Над этим можно думать и думать, но, сколько ни думай, ни размышляй над историей вопроса — делу не поможешь. Размышления ничего не решают. Идея, какая бы то ни было, не более чем воображаемая сила, грибовидное облако (ничего не разрушающее, но и ничего не созидающее), порождение ослепительной вспышки сознания.

Билли Роз тоже был небольшого росточка, примерно с Петера Лорре[32]. Зато он был американец, и еще о-го-го какой! Билли был неотъемлем от лязга ярмарочных автоматов, треска тиров, грохота китайских бильярдов и слабого, совсем человечьего писка гекконов на Таймс-сквер[33], немигающих глаз уродцев из дивертисмента. Чтобы увидеть Билли, как он есть, его надо было представить на фоне Бродвея, сверкающего побелкой под утренним солнцем. Но даже и в местах, подобных этим, есть свои гиганты, люди, чьи недостатки можно пустить в оборот. В этой стране нет таких вещей, пусть даже самых диких, которые нельзя было бы сбыть, нельзя было бы выбросить на рынок и сколотить на них состояние. А когда у тебя столько недвижимости, как у Билли, и все капитальные приобретения, не ерунда какая-нибудь, тогда никто и не вспомнит, что ты из тех человекоподобных тварей, которые перекочевали из нижнего Ист-Сайда[34] в пригороды подкормиться промасленными бумажками из-под бутербродов. Билли? Да, Билли обштопал таких великих безумцев, как Роберт Мозес[35]. Он приобрел зигфелдовский театр втридешева. Купил для Элеоноры Холм особняк, увешал его стены шедеврами. И не остановился на достигнутом. В феодальной Ирландии говорили, что «гордый человек красив» (Парнелл у Йейтса)[36], но среди нью-йоркских знаменитостей Билли вполне мог сойти за красавца уже потому, что о его обаянии трубили влиятельные журналисты Джордж Сокольский[37], Уолтер Уинчелл[38], Леонард Лайонс[39] и сам Полночный Эрл, ну и конечно же, его голливудские приятели и завсегдатаи модных ночных клубов. Куда ни сунься в Нью-Йорке, повсюду наткнешься на Билли. Да о чем говорить, он же и сам вел колонку, а агентства печати продавали ее чуть не во все газеты страны. И хотя писали за Билли литературные негры, стратегию определял он, и ни одно их слово не могло проникнуть в печать без его ведома.

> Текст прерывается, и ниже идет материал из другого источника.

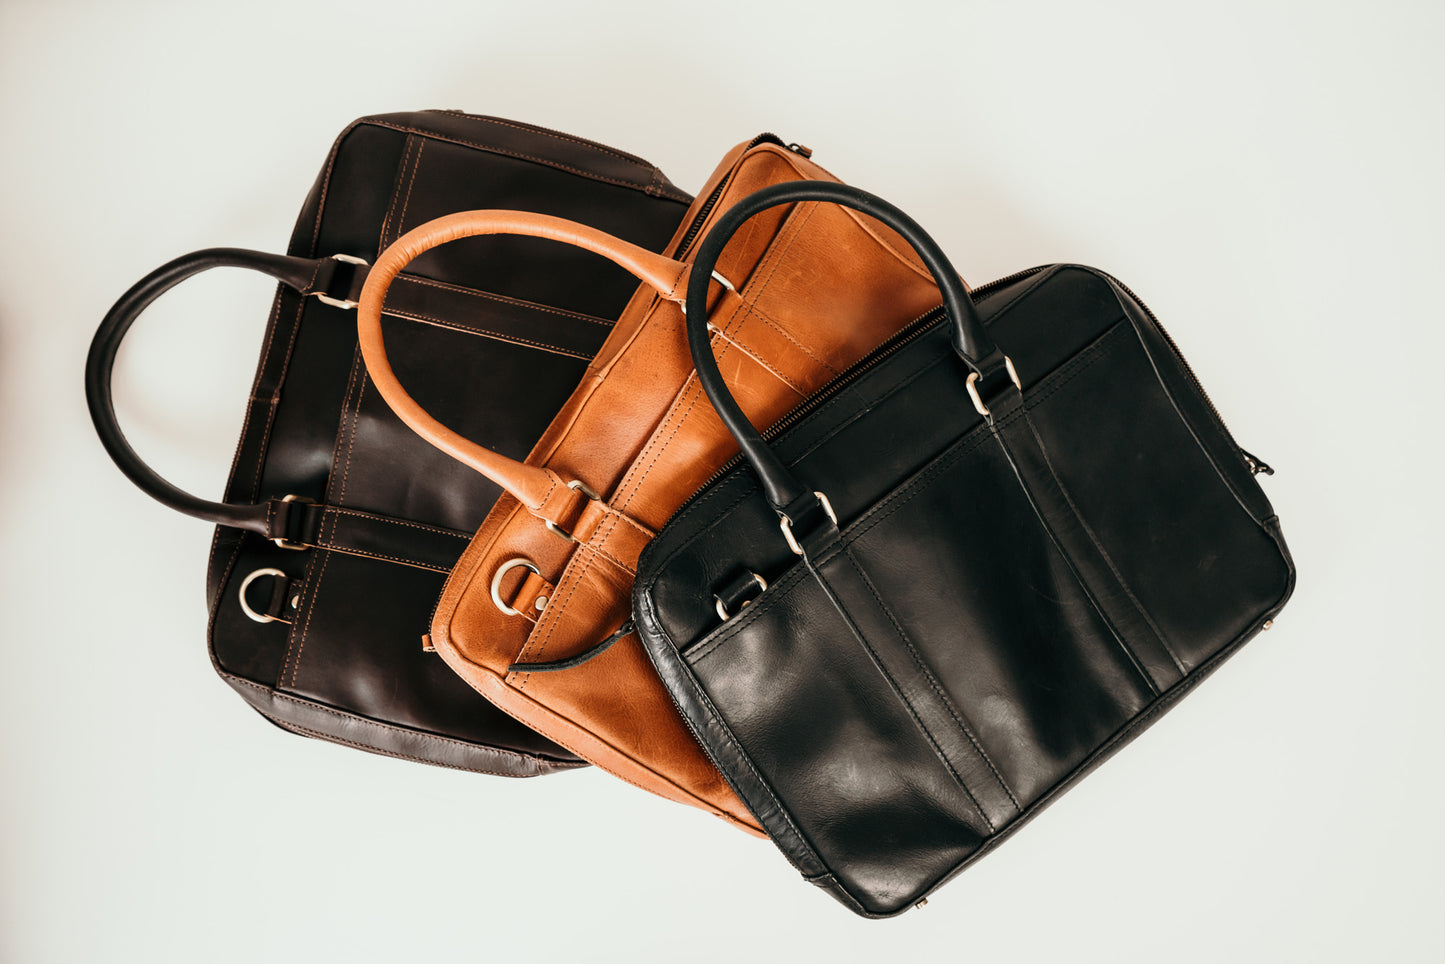 Advantages Of Buying a Leather Briefcase

Вскоре Фонштейн знал все дела Билли куда лучше, чем знал или хотел знать я. Но в конце концов Билли его спас: освободил из тюрьмы, заплатил за проезд в Геную, поселил в гостинице, добыл место на пароходе нейтральной страны. Самому Фонштейну ничего подобного не удалось бы, да он никогда этого и не отрицал.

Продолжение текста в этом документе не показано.